Słowa Witolda Antosika skomentował radny Henryk Popławski. Przypomniał, że to nie jest jedyna pożyczka. Na tej samej sesji podjęto też uchwałę w sprawie zaciągnięcia pożyczki na kanalizację deszczową przy ul. 4 Stycznia w Barcinie (dofinansowanie w kwocie 468 tys. zł, spłata w latach 2018-2020). Dalej radny powiedział, że dyskusje na temat zaciągania zobowiązań i doprowadzaniu gminy do ruiny odbyły się przy okazji budowy basenu i stadionu.
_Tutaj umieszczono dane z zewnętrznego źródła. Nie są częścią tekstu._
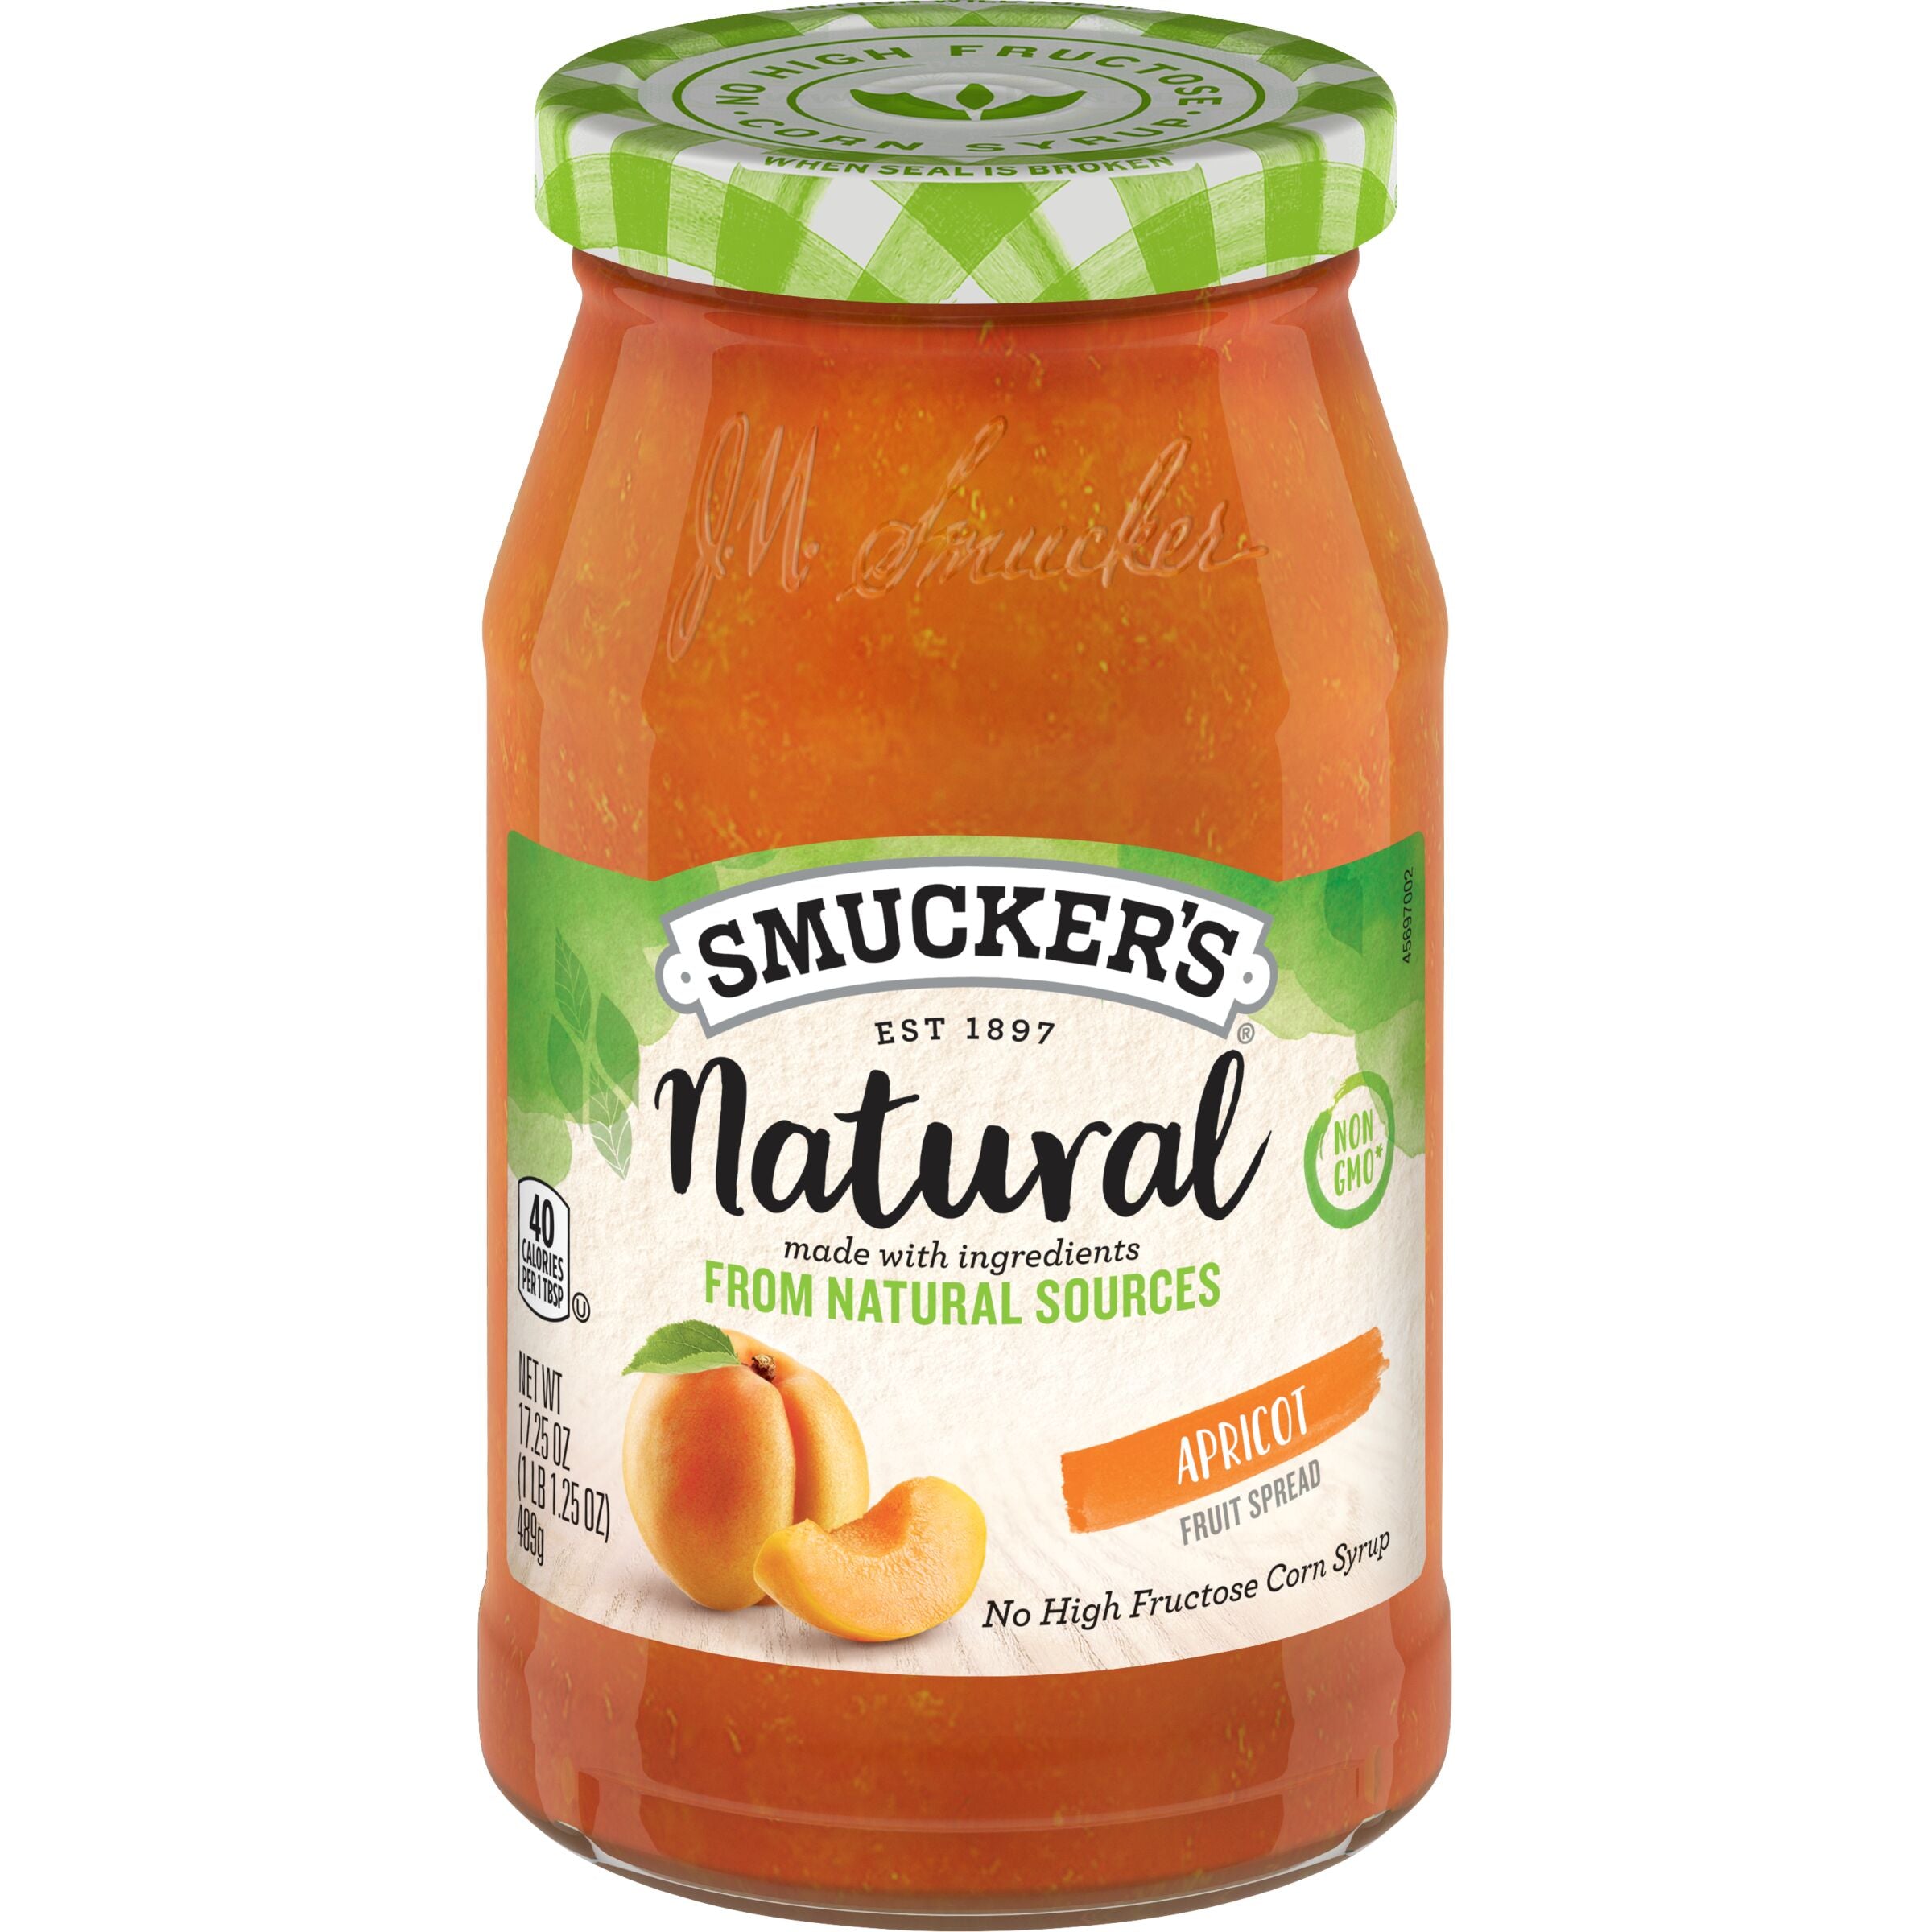 Smucker's Natural Apricot Fruit Spread, 17.25 oz
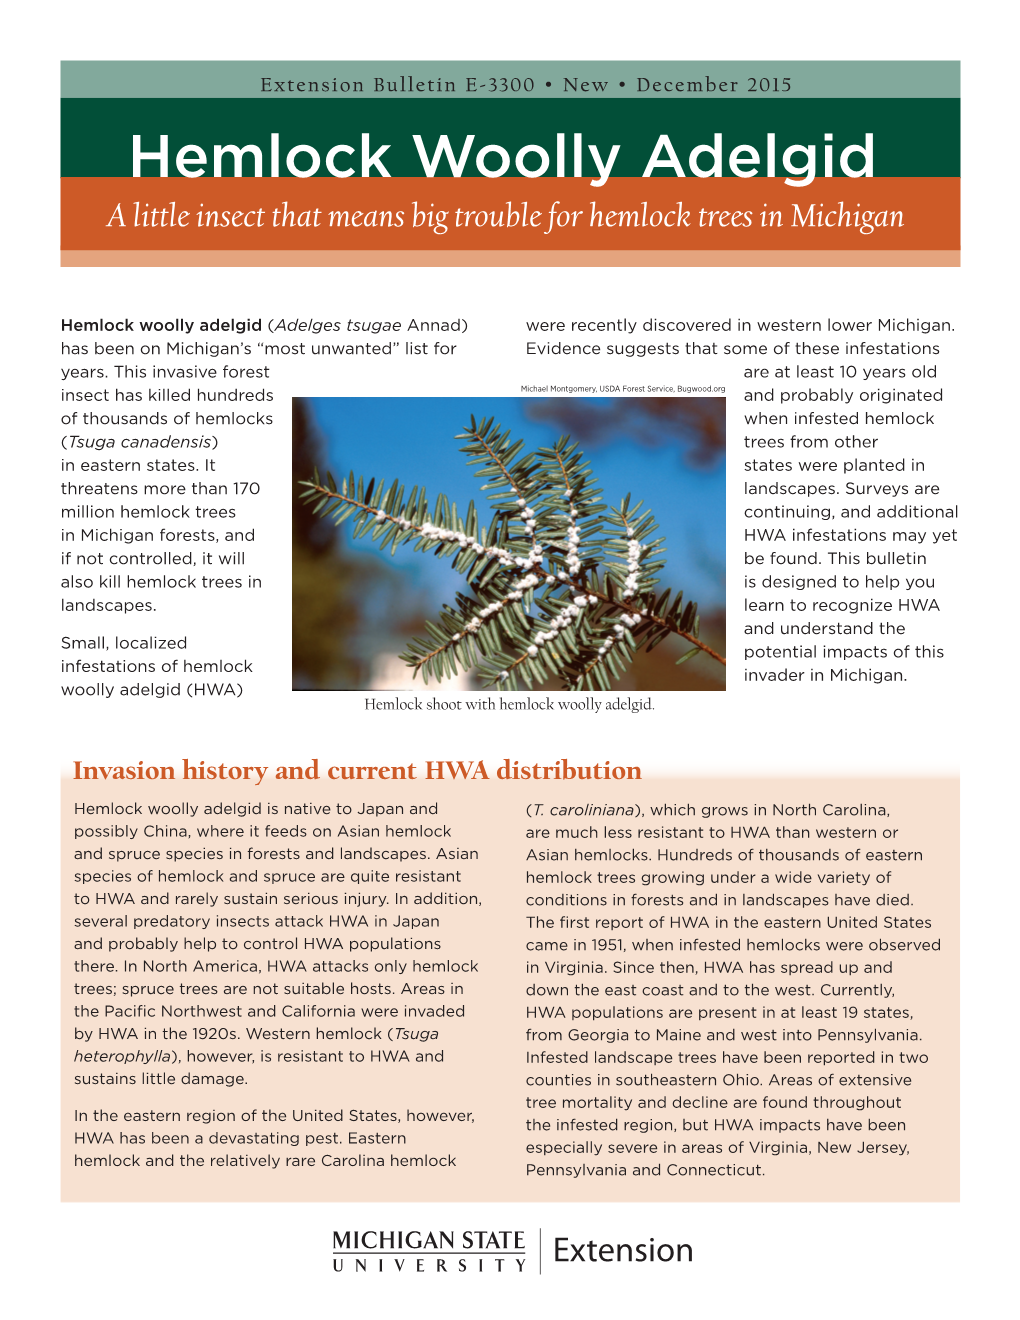 Hemlock Woolly Adelgid. a Little Insect That Means Big Trouble for Hemlock Trees in Michigan

- Wszystkie te inwestycje, które do tej pory budowaliśmy, na które zaciągaliśmy pożyczki, uruchamialiśmy obligacje, one zawsze były wpisane w programy wyborcze i były to inwestycje, za którymi głosowali pośrednio mieszkańcy, bo wybierając tych a nie innych kandydatów na radnych, opowiadali się za programami, które te komitety przedstawiały. Do tej pory nie zdarzyło nam się ani razu nawet, zbliżyć do granicy, którą dopuszczają przepisy, jeśli chodzi o zaciąganie zobowiązań przez jednostki samorządowe - powiedział i dodał, że nie widzi powodu do tego, aby pozbawiać mieszkańców Barcina możliwości korzystania z czynnego wypoczynku.

Miejsce piękne
Kilka argumentów za realizacją inwestycji przytoczył następnie radny Rafał Rydlewski. - Od wielu lat mieszkańcy Barcina czekają na to, by zintegrowały się dwie części miasta. Park będzie nie tylko wizerunkowo miejscem pięknym, miejscem, gdzie będziemy walczyć o zdrowie, wypoczynek, rekreację. Rozumiem pogląd pana Antosika dotyczący kanalizacji, ale chciałbym również zwrócić uwagę, że nigdy nie zaniechaliśmy tego procesu. Przez cały czas on postępuje. Natomiast ta inwestycja czeka już dość długo. Wydaje mi się , że odsuwanie jej na bok, kosztem kanalizowania, nie jest dobrym pomysłem. Pana argumenty są przemyślane, są dobre, ale raz jeszcze powtarzam, my nigdy nie zaniechaliśmy kanalizowania Barcina. Robimy to sukcesywnie, zgodnie z potrzebami - usłyszeliśmy.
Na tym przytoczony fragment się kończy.